The utility model discloses work flow: when in use, the firmness of the optical cable can be more effectively improved by fixing the reinforcing steel wire 4 on the periphery inside the black PE protective sleeve 2, the protective sleeve is prevented from being easily broken, thereby affecting the internal structure, reducing the service life of the optical cable, improving the cost, effectively isolating the water-blocking tape 5 from the fixed frame 7 through the protective pad 6, avoiding the water-blocking tape 5 from contacting with the fixed frame 7, thereby causing the water blocking tape 5 to be damaged due to long-time compression, affecting the water blocking effect, causing water to possibly permeate into the optical cable, the internal optical fiber is damaged, the transmission rate of the optical cable can be effectively improved through the central reinforced core 10, the function of assisting the tera multimode optical fiber 9 is achieved, thereby improve the transmission rate of optical cable, improve the effect of optical cable, the practicality is higher, this device simple structure, and transmission efficiency is higher and life is longer.

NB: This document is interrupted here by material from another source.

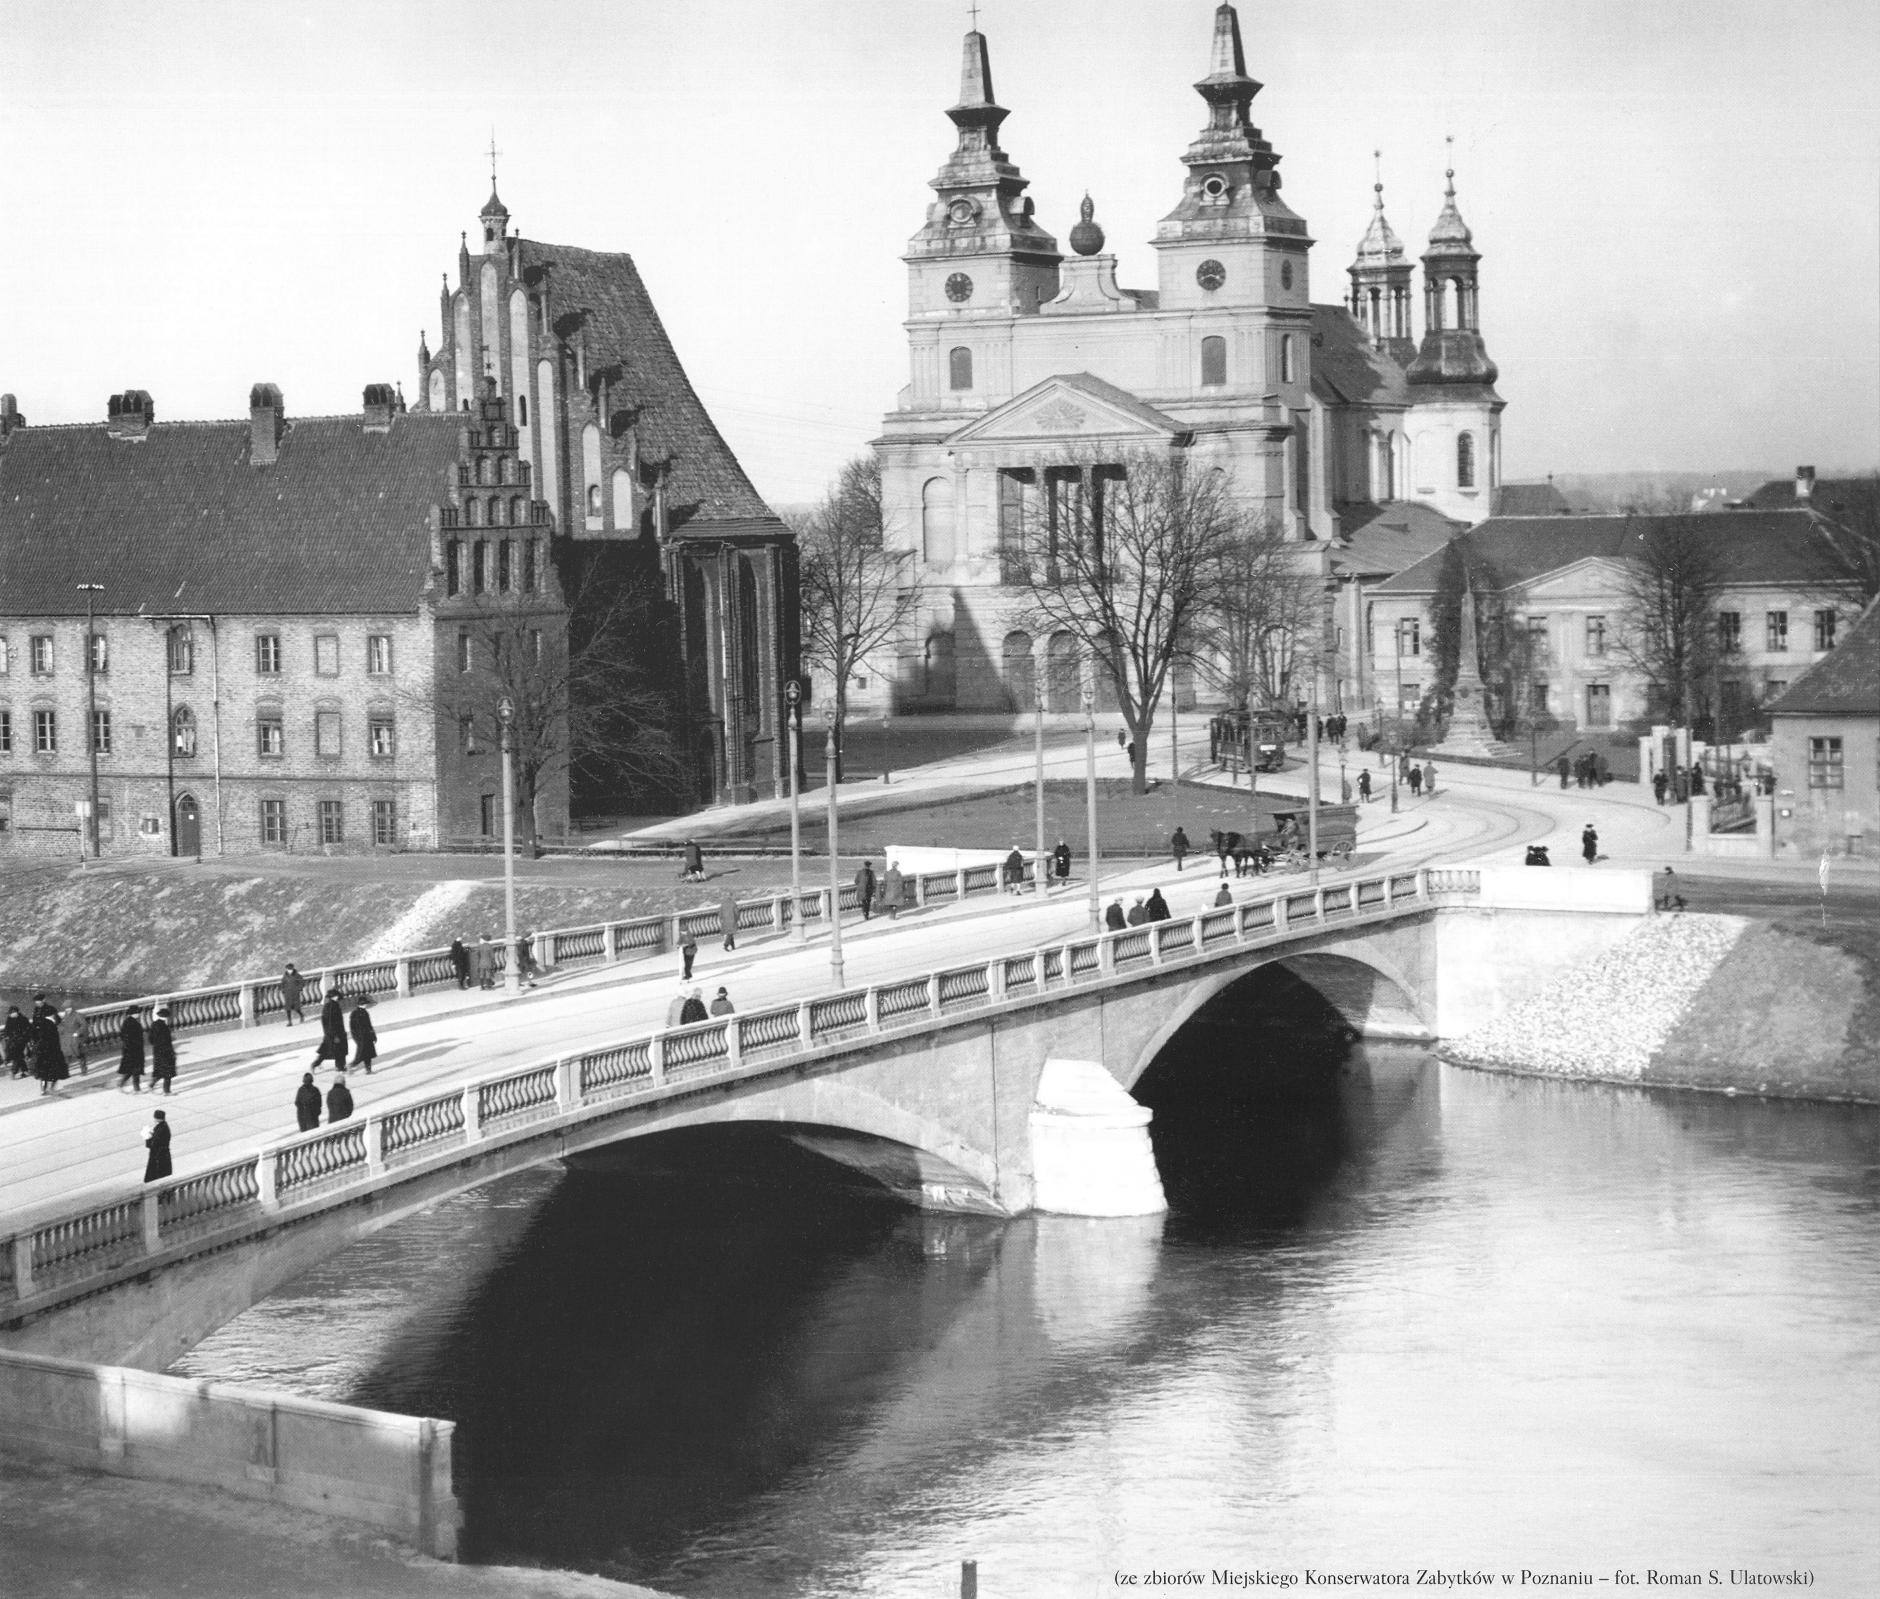 (1938) Ostrów Tumski. Most Chrobrego, Psałteria, Kościół Najświętszej Marii Panny oraz Katedra.

Although embodiments of the present invention have been shown and described, it will be appreciated by those skilled in the art that changes, modifications, substitutions and alterations can be made in these embodiments without departing from the principles and spirit of the invention, the scope of which is defined in the appended claims and their equivalents.
Claims (7)
1. The utility model provides an ultra-high transmission rate uses composite optical cable, includes optical cable body (1), mount (7) and fiber tube sleeve (3), its characterized in that: the cable comprises an optical cable body (1), and is characterized in that a black PE protective sleeve (2) is fixedly mounted on the outer side of the optical cable body (1), a water blocking tape (5) is fixedly mounted inside the black PE protective sleeve (2), reinforcing steel wires (4) are fixedly mounted on the periphery inside the black PE protective sleeve (2), a protective pad (6) is fixedly mounted inside the water blocking tape (5), a fixing frame (7) is fixedly mounted inside the protective pad (6), a plurality of plastic-coated aluminum tapes (8) are fixedly mounted on the periphery inside the fixing frame (7), an optical fiber pipe sleeve (3) is fixedly mounted inside the fixing frame (7), a plurality of ten-million multimode optical fibers (9) are fixedly mounted inside the optical fiber pipe sleeve (3), and a central reinforcing core (10) is fixedly mounted between the ten-million multimode optical fibers (9).
2. The ultra-high transmission rate composite optical cable as claimed in claim 1, wherein: the black PE protective sleeve (2) is sleeved on the outer side of the optical cable body (1).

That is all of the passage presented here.